Purpose : Anti-VEGF therapies for neovascular age-related macular degeneration (nAMD) have significantly revolutionised outcomes for millions of people. However, anti-VEGF drug efficacy and vision deteriorates in a significant proportion of individuals due to subretinal fibrosis. We designed a gene therapy capable of preventing, or reversing, subretinal fibrosis and neutralising pathological VEGF concentrations responsible for neovascularisation.

Methods : Bi-cistronic plasmids and rAAV2/2 vector constructs expressing both anti-VEGF and anti-fibrotic components were examined in HEK293T, ARPE-19 cells and on co-cultures of human fibroblast/HUVECs. The lead constructs were evaluated in rodent models.
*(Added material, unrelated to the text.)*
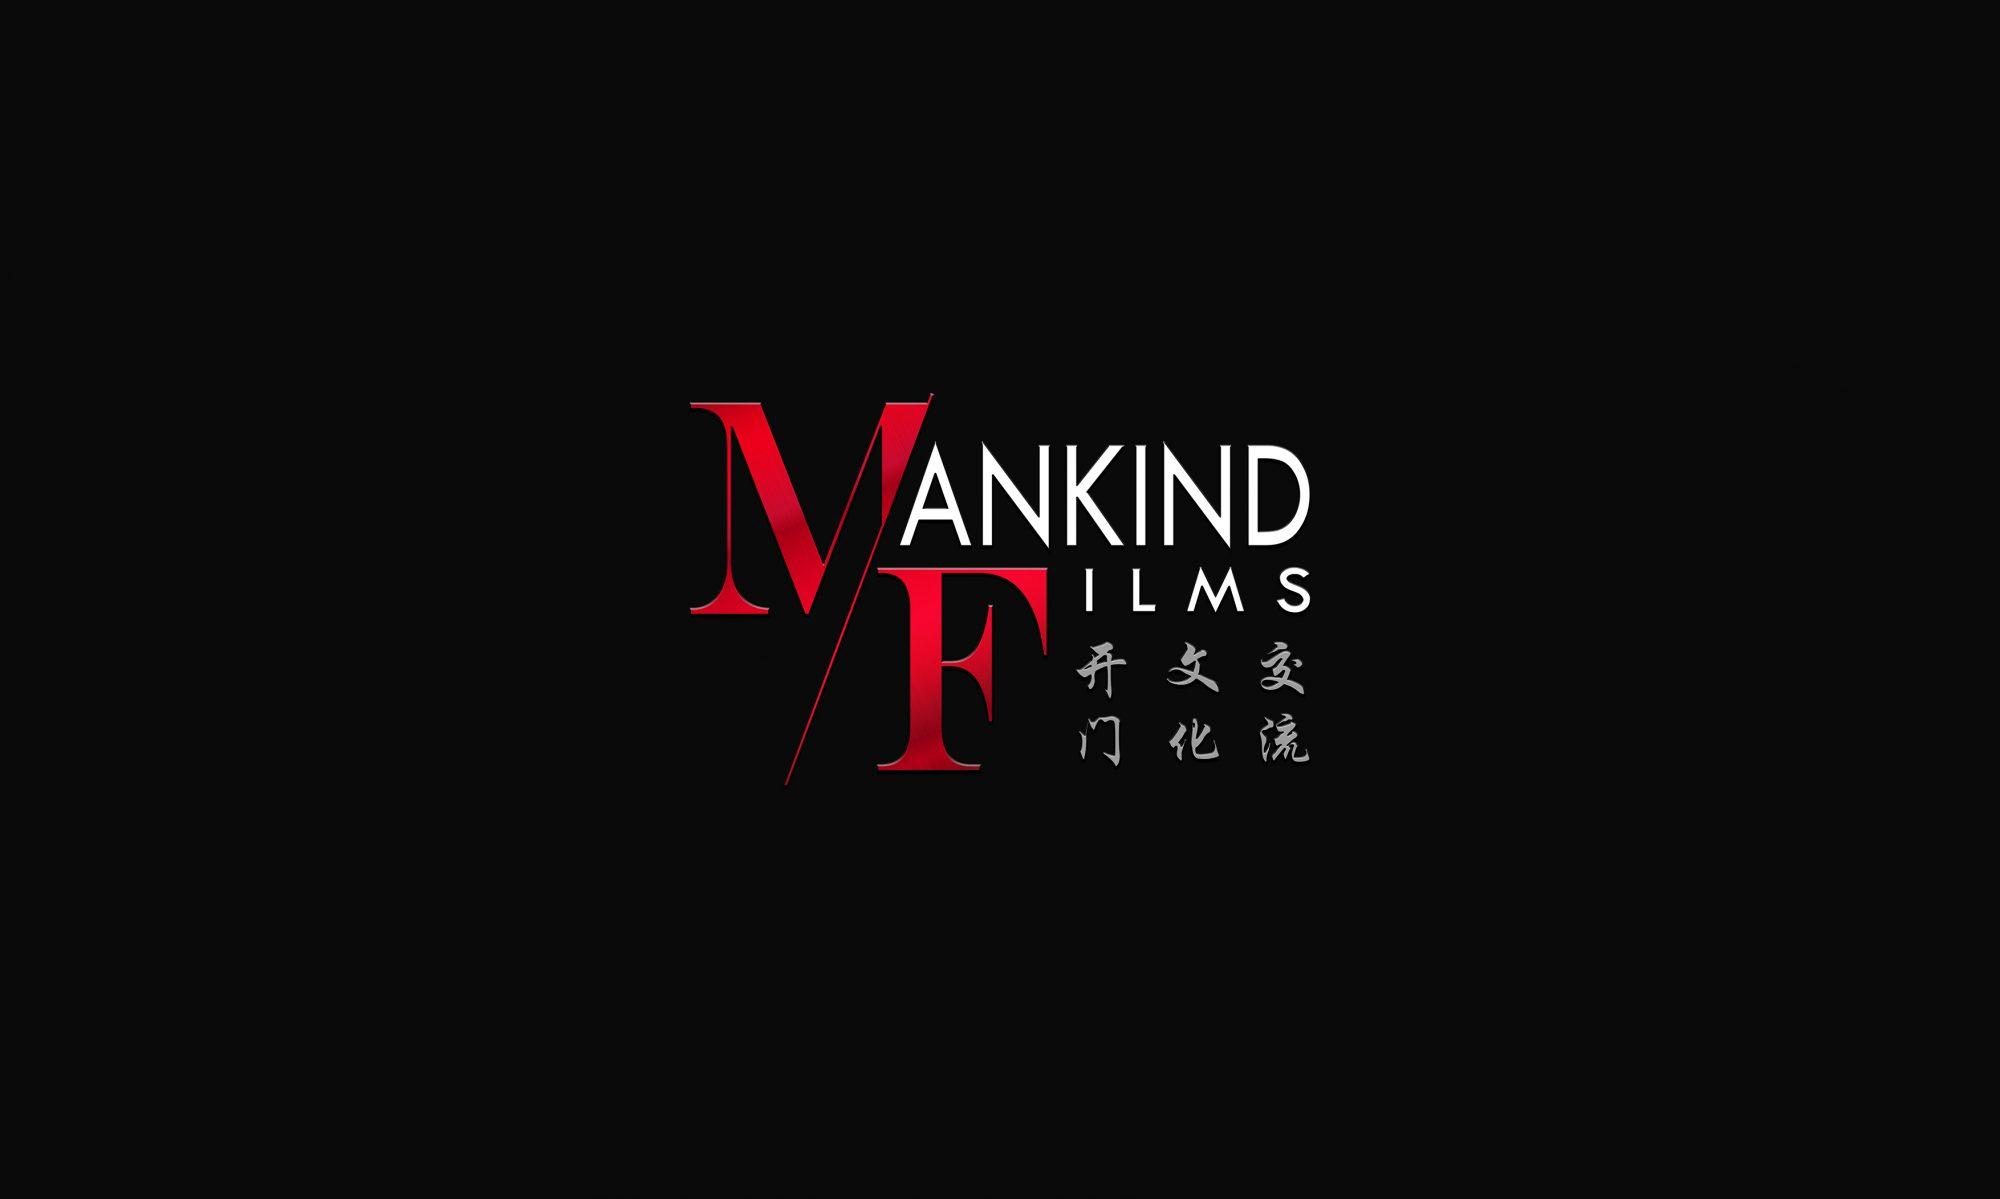 MANKIND FILMS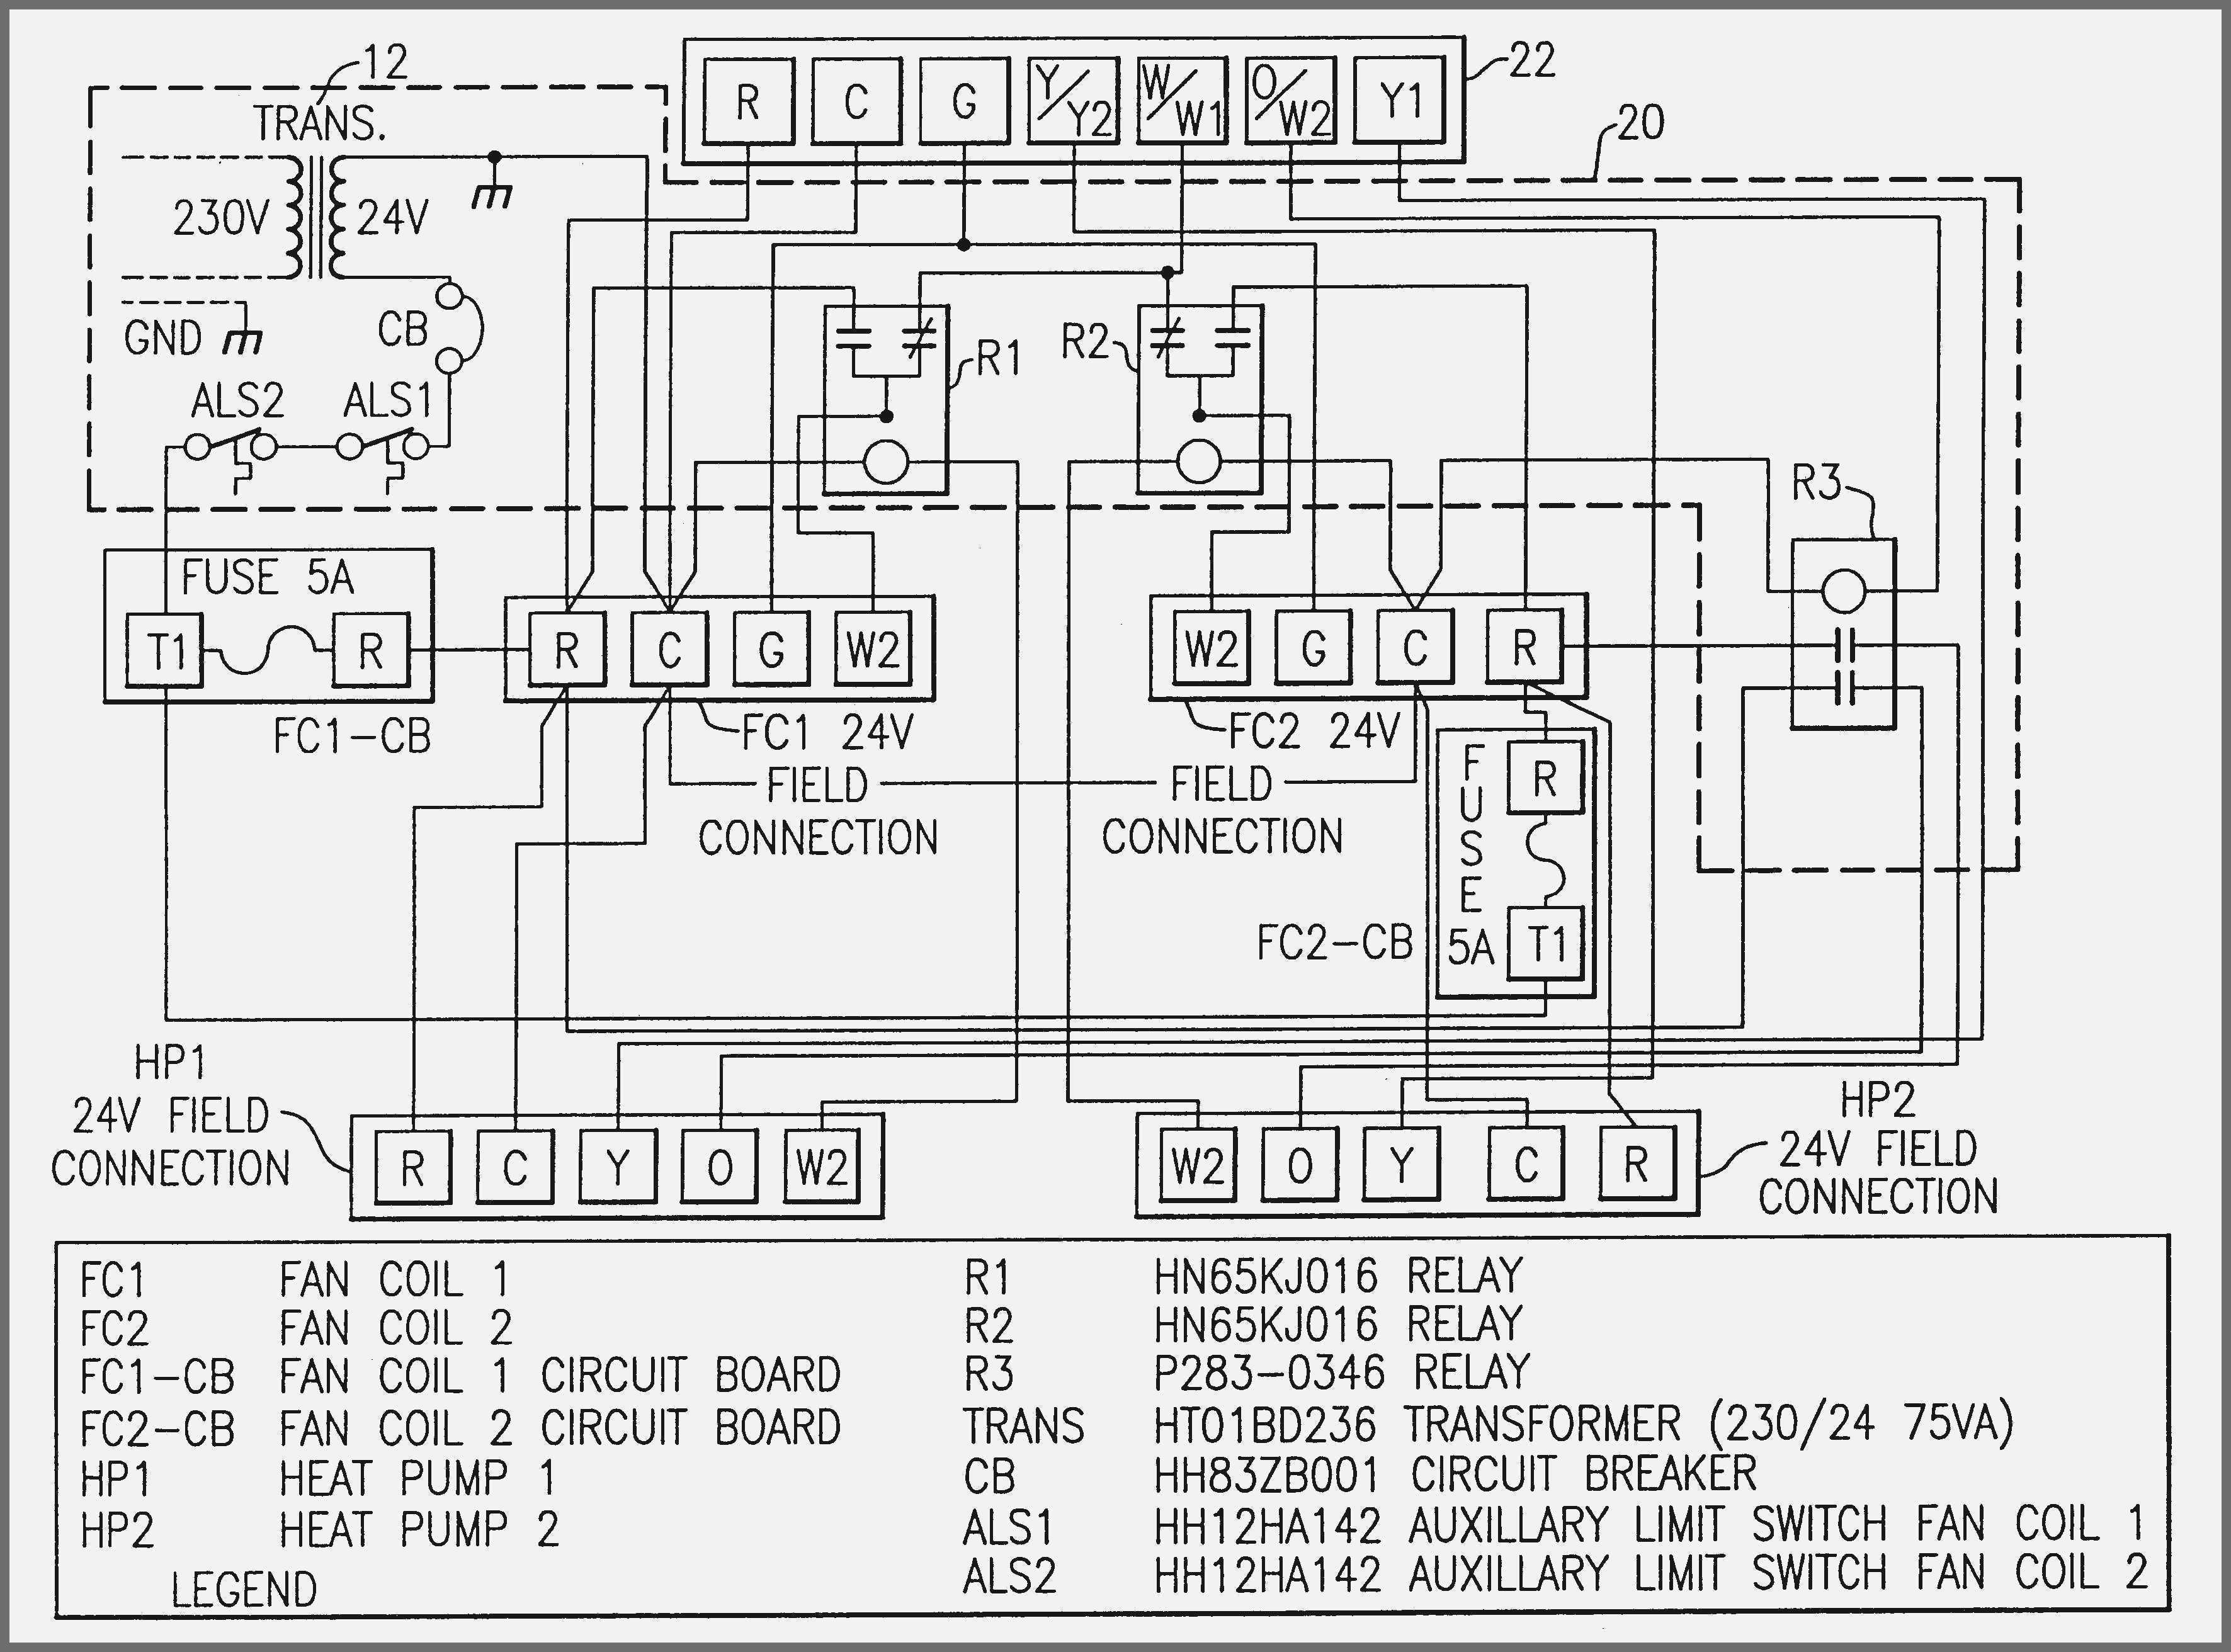 MF_6778] Wiring Diagram For Heat Tape Free DiagramCaba Bepta Drosi Wigeg Mohammedshrine Librar Wiring 101

Results : The lead constructs express a novel anti-VEGF capture protein that has a reduced affinity for human IgG-Fc gamma receptors than aflibercept. The constructs reduce endogenous VEGF concentrations (ng/mL) in HEK293Ts (control Null plasmid = 663 ± 15, IKC116P = 275 ± 7***, aflibercept = 296 ± 4***; P<0.001 by ANOVA followed by Bonferroni modified t-tests, mean ± SEM of 3 replicates) and attenuates capillary formation in co-cultures with equivalent efficacy to aflibercept. The anti-fibrotic component attenuates transforming growth factor (TGF)-beta-induced epithelial-mesenchymal transition, a precursor to subretinal fibrotic scar formation, as shown by the reduction in ARPE-19 fibronectin (control Null plasmid = 2.64 ± 0.32, IKC116P = 1.96 ± 0.26; P<0.05, n=4) and release of matrix metalloprotease-2 (control Null plasmid = 1.46 ± 0.09, IKC116P = 0.28 ± 0.04; P<0.0001, n=4) by western blot. Intravitreal injection of the lead vectors completely prevented vascular leakage after laser-induced CNV in mice compared to the vehicle controls.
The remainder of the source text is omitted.